- Official portrait, 2024

High Commissioner of the Maldives to India
- Incumbent
- Assumed office 17 February 2025
- President: Mohamed Muizzu
- Succeeded by: Ibrahim Shaheeb

Ambassador of the Maldives to China
- In office 28 August 2019 – 8 September 2023
- President: Ibrahim Mohamed Solih
- Preceded by: Mohamed Faisal
- Succeeded by: Huda Ali Shareef (chargé d’affaires) Fazeel Najeeb

Personal details
- Born: 10 April 1969 (age 57) Malé, Maldives
- Children: 2

= Aishath Azeema =

Maldivian diplomat (born 1969)

Aishath Azeema (born 18 April 1969) is a Maldivian diplomat who is currently serving as the high commissioner of the Maldives to India and previously served as the Maldives' ambassador to China from 2019 to 2023.

==Career==

After completing the GCE Ordinary Level, Azeema subsequently joined the Ministry of Foreign Affairs as a public servant in 1988. She worked in various departments, primarily the Department of External Resources and the Foreign Relations Department, at one point serving as English secretary at the ministry. For five years, she served as a minister-counsellor and head of chancery at the Maldivian Embassy in India, a close partner nation to the Maldives.

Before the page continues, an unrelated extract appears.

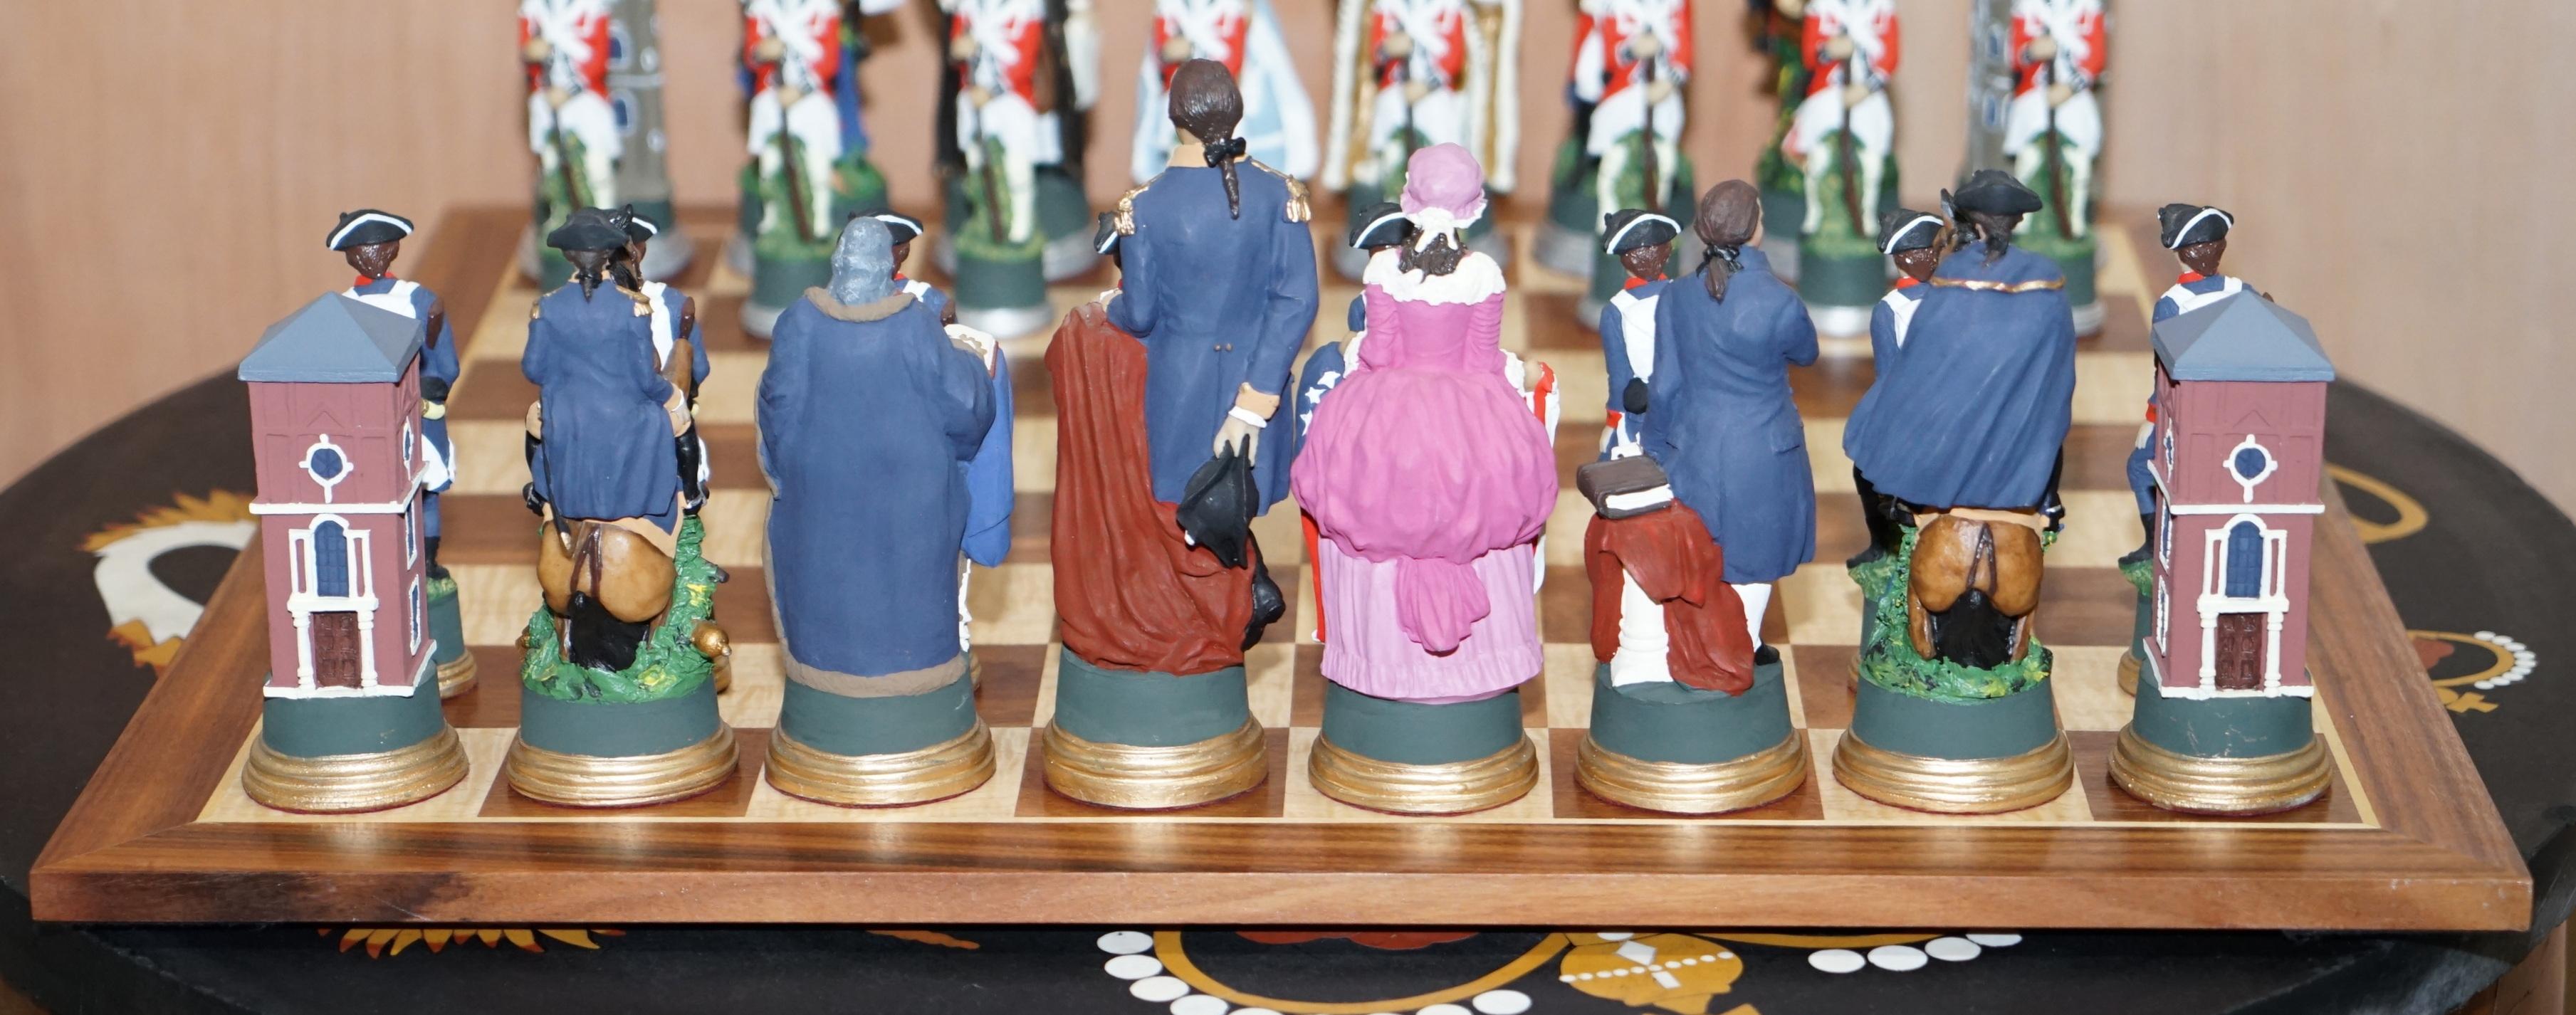 English Very Rare Collectors American Civil War of Independence Hand Painted Chess Set

Having returned to serve as joint secretary in charge of the China and Japan Divisions in 2014, Azeema helped negotiate the Maldives' first bilateral free trade agreement, with China, which beginning with the presidency of Abdulla Yameen has become a major influence in the country. Then, after a stint as Chargé d'affaires or deputy secretary at the Maldivian Embassy in the United Kingdom, she was appointed ambassador to China in 2019. During her tenure, Azeema worked to build "enduring friendly ties" with Beijing. In the early stages of the COVID-19 pandemic, she oversaw government support to Maldivians in China. She completed her service as ambassador to China in September 2023.

In October 2024, President Mohamed Muizzu nominated Azeema to replace Ibrahim Shaheeb as high commissioner of the Maldives to India to the People's Majlis. The Foreign Relations Committee of the People's Majlis later unanimously approved Azeema as high commissioner. She was later appointed on 30 October 2024. Azeema later presented her letter of credence to Indian president Droupadi Murmu on 17 February 2025.